3. Nor did the trial court err in refusing to allow *593defense counsel to cross examine Detective John Seay concerning the nature of the grant of immunity. Detective Seay was present during the arrest of Raymond Downs on December 28 and his testimony dealt with the circumstances surrounding that arrest. On cross examination defense counsel attempted to ask Detective Seay what his conclusions were as to the believability of witnesses given immunity. Upon objection the jury was excused and counsel stated to the court that the jury was entitled to know "the pitfalls of immunity,” and that he wanted Seay to express his opinion based on his experience with the witness Debbie Kidd in the Matthews murder cases. (See in this connection Creamer v. State, 229 Ga. 511 (192 SE2d 350) (1972); Emmett v. Ricketts, 397 FSupp. 1025 (N.D. Ga. 1975)). Specifically he wanted to question Seay as to Debbie Kidd’s believability based on his post-conviction investigations. The trial judge found that the proffer of evidence was not relevant to any issue in the case, and we agree. Code § 38-201. "Questions of relevancy of evidence, which includes the issue of materiality, are for the court, and in the absence of an abuse of judicial discretion, this court will not interfere. Garner v. State, 83 Ga. App. 178, 184 (63 SE2d 225).” MacNerland v. Johnson, 137 Ga. App. 541, 542 (1) (224 SE2d 431) (1976).

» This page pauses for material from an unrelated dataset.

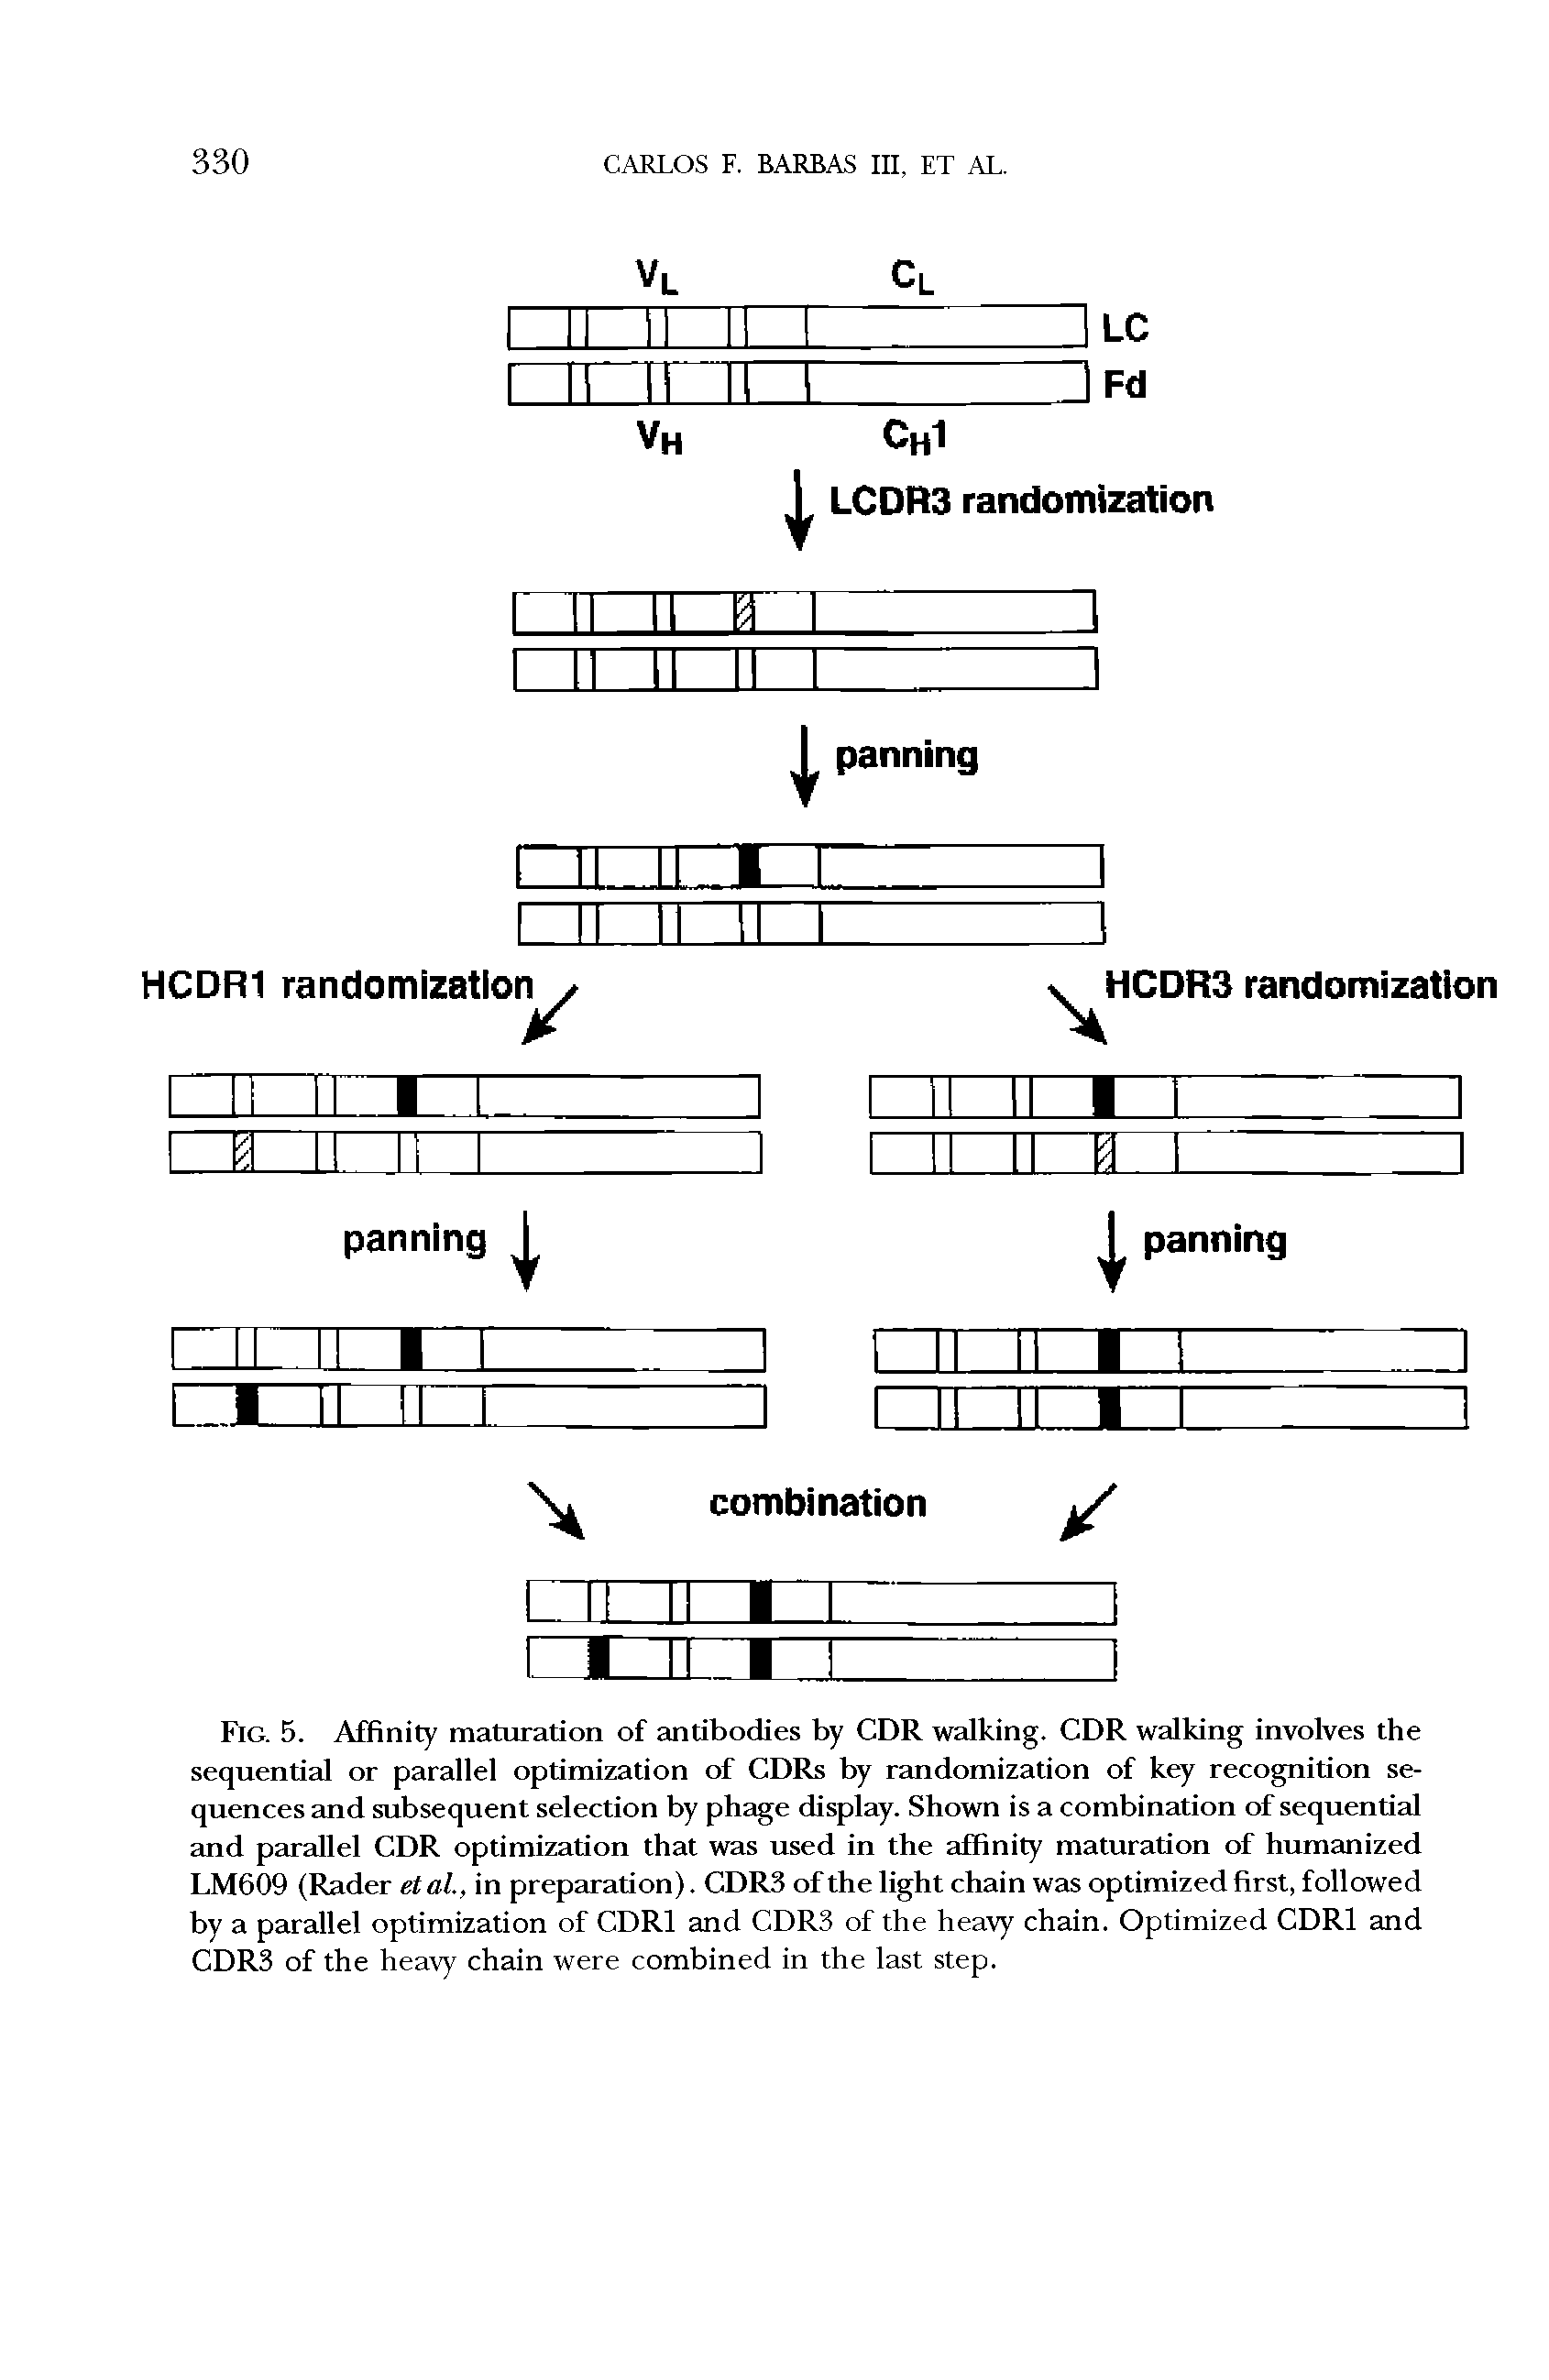 Fig. 5. Affinity maturation of antibodies by CDR walking. CDR walking involves the sequential or parallel optimization of CDRs by randomization of key recognition sequences and subsequent selection by phage display. Shown is a combination of sequential and parallel CDR optimization that was used in the affinity maturation of humanized LM609 (Rader et al, in preparation). CDR3 of the light chain was optimized first, followed by a parallel optimization of CDR1 and CDR3 of the heavy chain. Optimized CDR1 and CDR3 of the heavy chain were combined in the last step.

4. The trial court did not err in failing to grant a new trial on the ground of alleged juror misconduct. The defense presented an affidavit of Norman Collins, a juror, alleging that after the jury retired another juror, Virgil Daniel, stated that Raymond Downs had a criminal record "as long as your arm.” Collins indicated that the statement had no effect on him, but it was his opinion that it greatly impressed Daniel. However, Daniel swore that Collins’ statement was untrue and that no juror, at any time, discussed any alleged criminal conviction of Raymond Downs, that the subject of a prior criminal record was not discussed at any time by any juror, and that the sole basis for his decision as an individual juror was based upon the evidence presented in court and the charge by the judge as to the law in the case. Clearly Collins’ affidavit has to be considered as tending to impeach his verdict, which is not permissible under *594Georgia law. Code § 110-109; Wisdom v. State, 234 Ga. 650, 658 (217 SE2d 244) (1975).

Submitted February 7, 1978 Decided April 5, 1978. Dupree & Staples, Hylton B. Dupree, Jr., David S. Marotte, for appellant. Thomas J. Charron, District Attorney, Adele Grubbs, Assistant District Attorney, Richard L. Moore, Special Assistant District Attorney, for appellee.

5. Contentions as to the overruling of his Brady motion were determined adversely to Raymond in Division 1 of the appeal of his brother, Downs v. State, supra.

Judgment affirmed.

Quillian, P. J., and McMurray, J., concur.

A navy blue jacket was found directly behind the Treasure Island store, 200 to 300 feet from the loading dock on December 26. It contained $1,005 in one pocket and $115 was lying on the ground. This money was claimed by Treasure Island. Raymond Downs testified that he smoked Marlboro cigarets, and the coat also contained a package of Marlboro cigarets.